История жестокости или тайны «необходимости»? Сёрен Кьеркегор в гамлетовых сомнениях...

Карта памяти 26.05.2014 // 12 553
© tvmovie.de

17 марта 1855 года 33-летняя Регина Ольсен готовилась отправиться в датскую Вест-Индию, куда ее муж Йохан Фредерик Шлегель, с которым она на тот момент состояла в браке уже восемь лет, был назначен губернатором. Супруги должны были провести в колонии не менее пяти лет, что придавало необходимости прощания с семьей и друзьями особую важность. В середине XIX века мало кому удавалось преодолеть путешествие длиной в 4500 миль, минуя вполне реальные опасности — кораблекрушения, погоду, болезни. Регина была хорошо осведомлена о возможных рисках: ее старший брат Олаф Кристиан, будучи инспектором по налоговым сборам в Санта-Крус с 1845-го по 1857 год, потерял в период нелегкой жизни на острове жену Лауру и младшую сестру Оливию.

Вопреки или же благодаря предстоящему опасному путешествию в день своего отъезда Регина приняла важное решение — разыскать чудаковатого мужчину, с которым некогда была помолвлена, мужчину, оставившего ее, с которым она не разговаривала вот уже 14 лет. Но хотя они не обмолвились с тех пор и словом, Регина Ольсен и Сёрен Кьеркегор все же не стали друг для друга посторонними людьми. В течение многих лет они сталкивались во время прогулок по городу, частенько предумышленно. Так, на 39-й день рождения Кьеркегора Регина неожиданно объявилась на улице напротив его дома в Остербро. «Как это часто случается со мной в последнее время, я не могу удержаться от улыбки, когда вижу ее», — написал меланхоличный датчанин в своем дневнике. Когда именинник поднял шляпу в знак приветствия, Регина сверкнула улыбкой ему в ответ. Затем, словно по уговору, они вновь пошли разными дорогами.

Молчание не нарушилось вплоть до самого дня отъезда Регины. Вдруг, в самый разгар дорожных сборов, Регина опрометью выбежала из своей квартиры в Ниброгаде, ринувшись в толпу. После отчаянных поисков она ненароком наткнулась на знакомую сутулую фигуру на одной из улиц Копенгагена. Тихо подойдя к нему, она воскликнула: «Да благословит вас Господь! Пусть в жизни вам сопутствует только все самое светлое!» И ушла, оставив бывшего жениха стоять со шляпой в руке, онемевшего, ошеломленного.

То была их последняя встреча. Регина исчезла в тот же день. Кьеркегор после очередного приступа интенсивного творчестванавсегда покинул этот мир спустя восемь месяцев — 11 ноября 1855 года.
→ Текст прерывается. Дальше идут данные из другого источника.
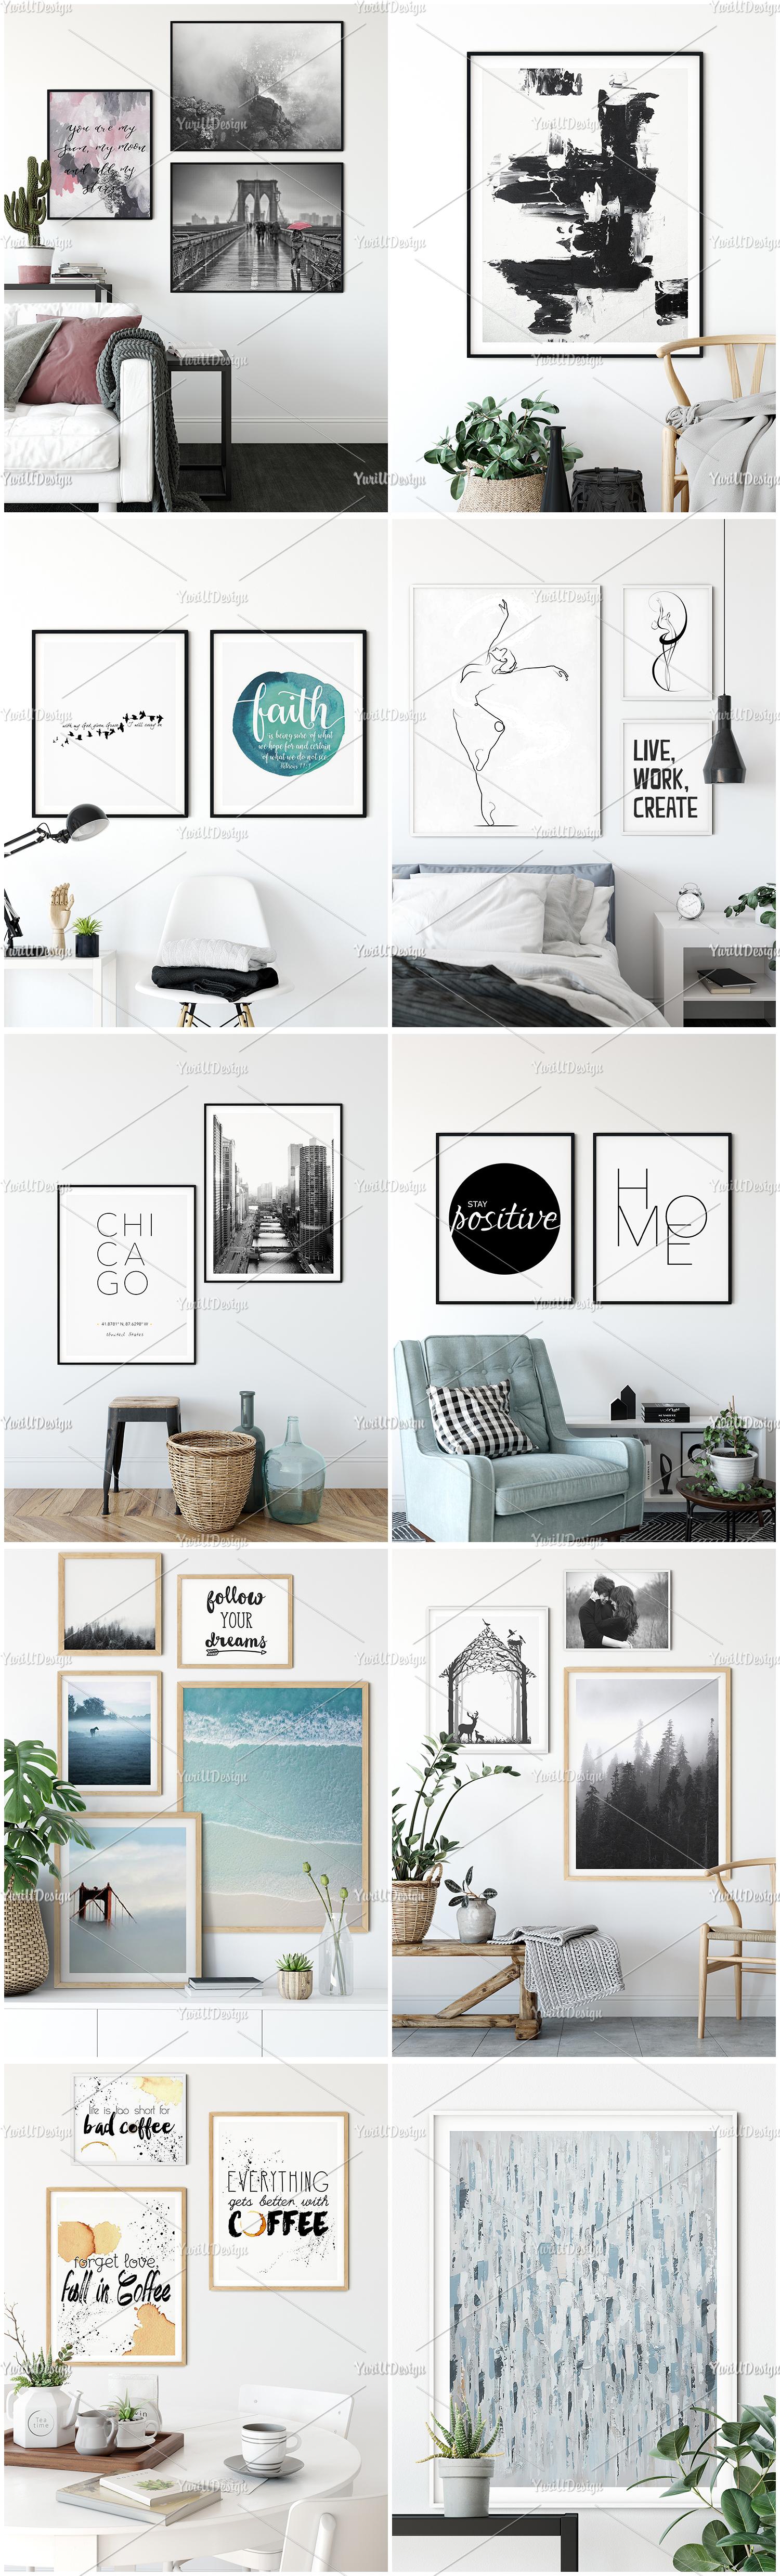 Scandinavian Interior Frames & Walls Mockup Bundle example image 6

С этой истории начинается написанная Йоакимом Гарффом биография «Тайна Регины: история невесты Кьеркегора и жены Шлегеля», вышедшая в Дании в прошлом году. Эта книга — удивительная попытка проникнуть в суть одной из самых запутанных любовных историй в мировой литературе, написанная с теми же научной добросовестностью и поэтической теплотой, благодаря которым созданная Гарффом биография Кьеркегора («Сёрен Кьеркегор: биография», опубликованная в 2000 году и переведенная на английский в 2005-м) была воспринята как серьезнейшее достижение. В новой книге Гарффа особое внимание впервые уделяется именно Регине. Эта книга являет собой гораздо более полное исследование в сравнении с любой другой попыткой изучения отношений Регины и Кьеркегора. Ученые — наравне со сплетниками! — были просто очарованы их историей с того момента, как она стала известна общественности около 150 лет назад. Регина, как правило, изображалась как несчастная жертва философского безразличия Кьеркегора. Гарфф оспаривает эту точку зрения, описывая поразительно глубокую связь между ними, сохранявшуюся несмотря на разрыв отношений. Но в то же время автор предпринимает попытку высвободить Регину из объятий Кьеркегора, позволить ей обнаружить себя в ином свете, чтобы мы смогли различить в ней личность, а не только лишь как на постоянного, если не невидимого, персонажа литературно-теологического творчества Кьеркегора.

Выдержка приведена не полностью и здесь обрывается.